§ PROMPT
Please, from the entries below, transcribe exactly the lines that begin at the line with "メタル ウィンドベルリンギング02の未再生の波形" and end at the line with "Affiche de stage jeremy delhez 23 mars 2017", without the pictures.

§ ENTRIES PROVIDED
----

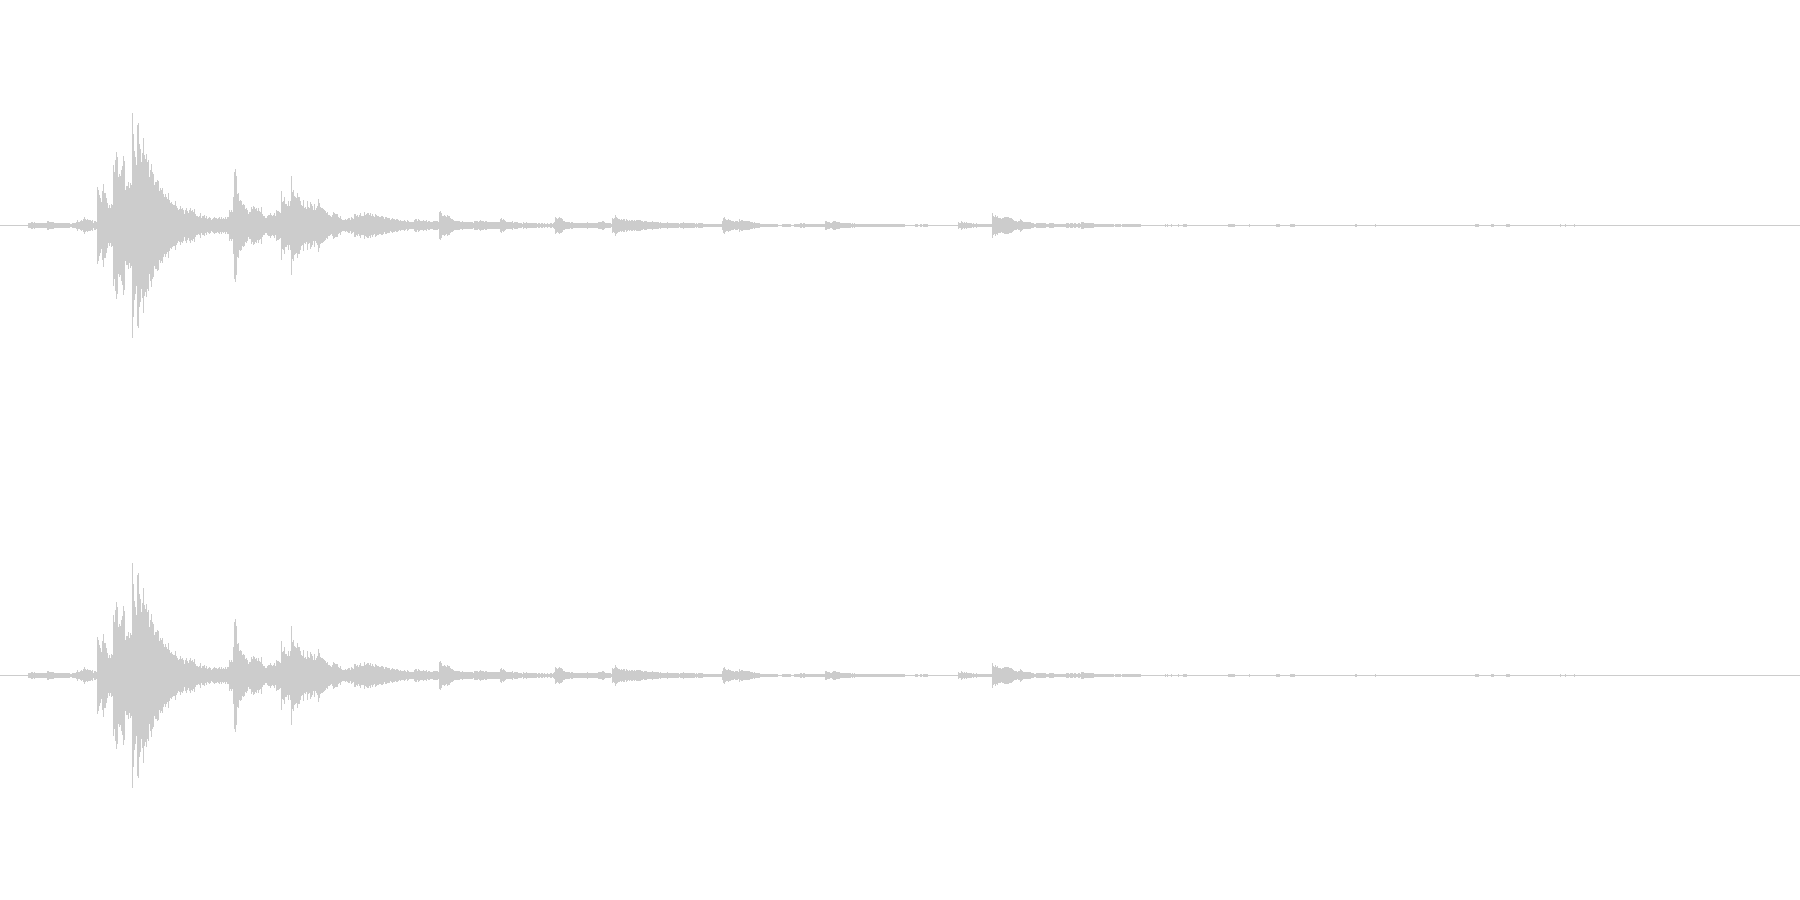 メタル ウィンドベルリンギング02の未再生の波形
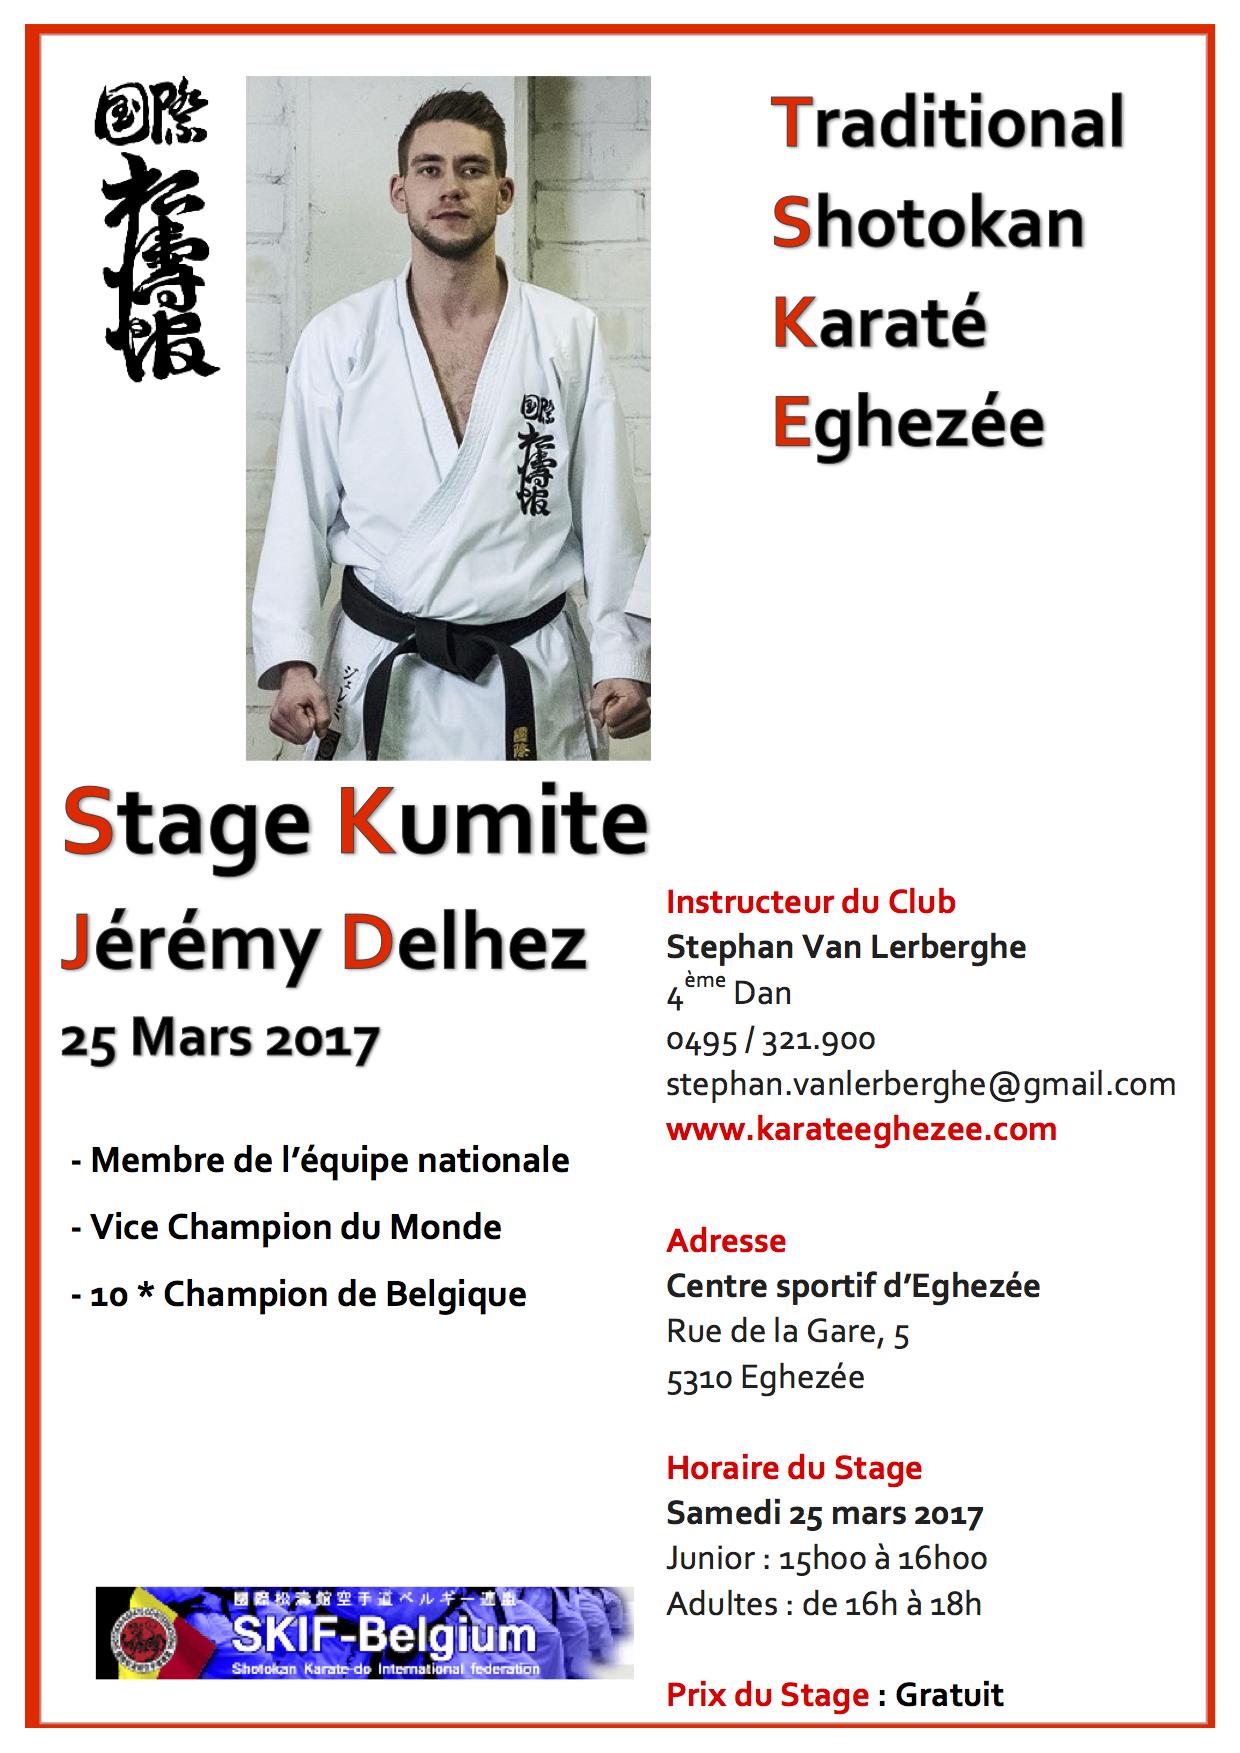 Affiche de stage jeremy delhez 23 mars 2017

----

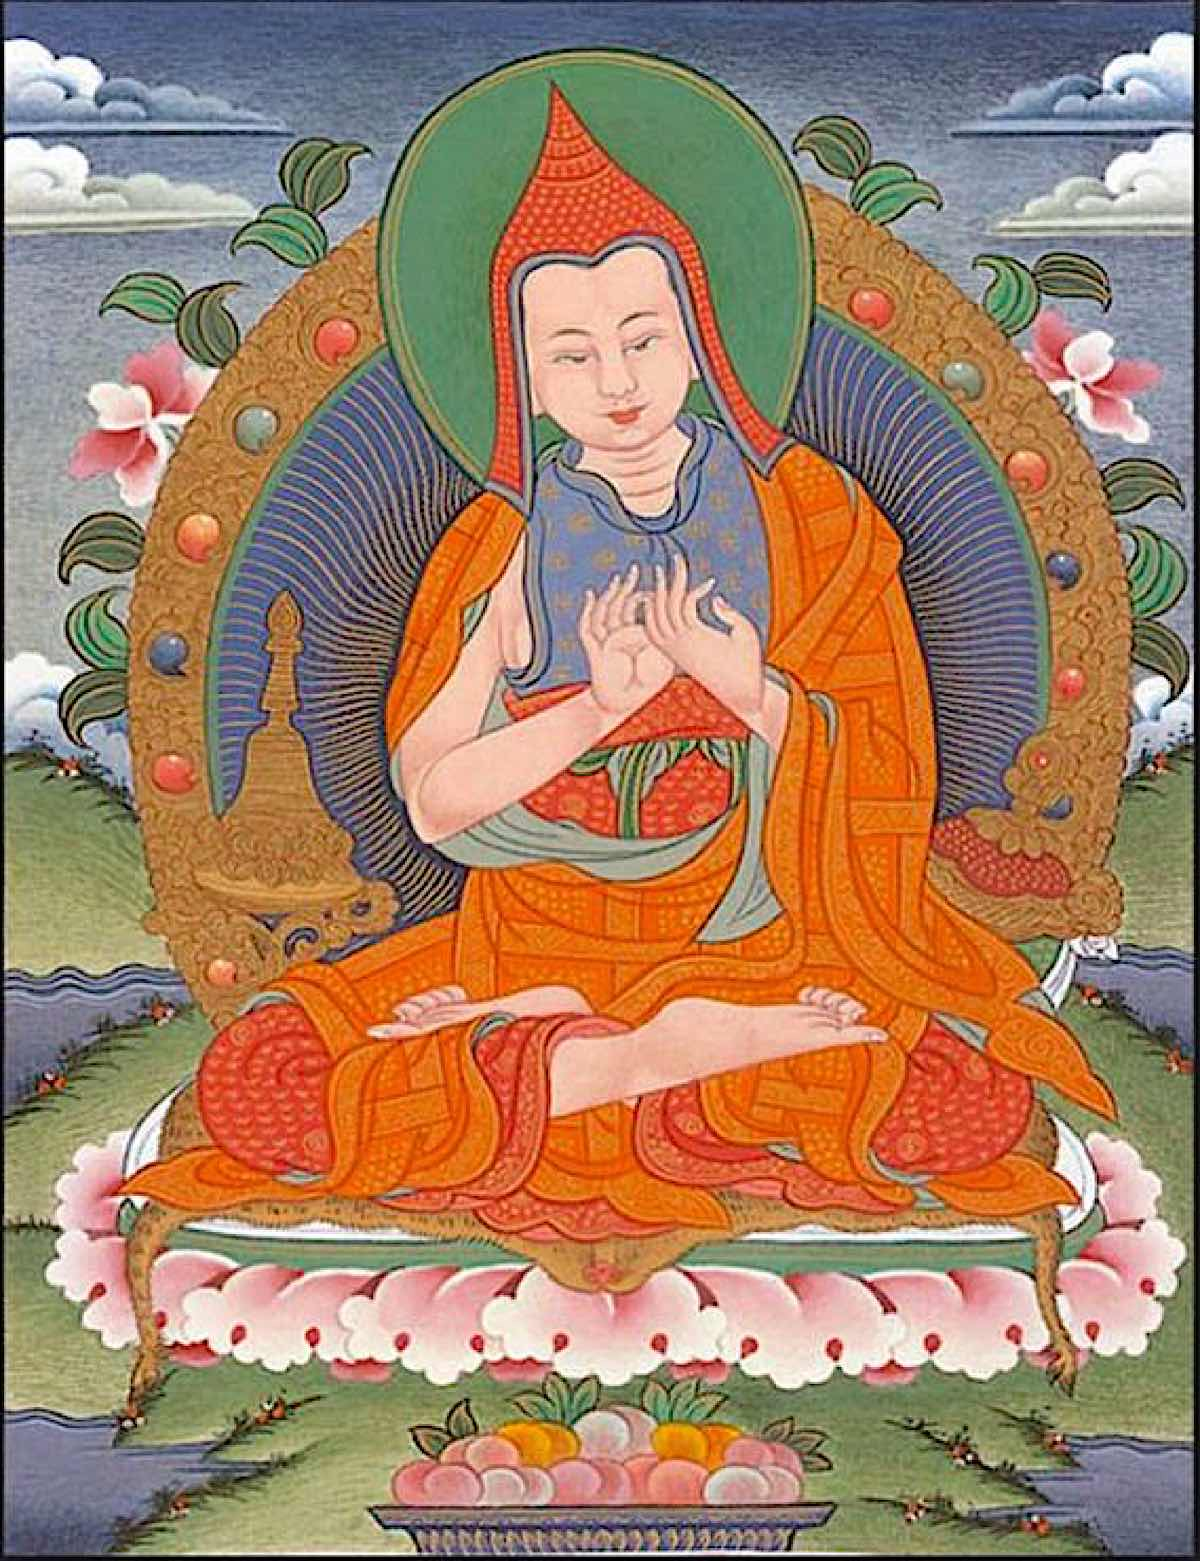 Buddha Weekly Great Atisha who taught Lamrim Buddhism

----

§ COMPLETED EXERCISE
 メタル ウィンドベルリンギング02の未再生の波形
 Affiche de stage jeremy delhez 23 mars 2017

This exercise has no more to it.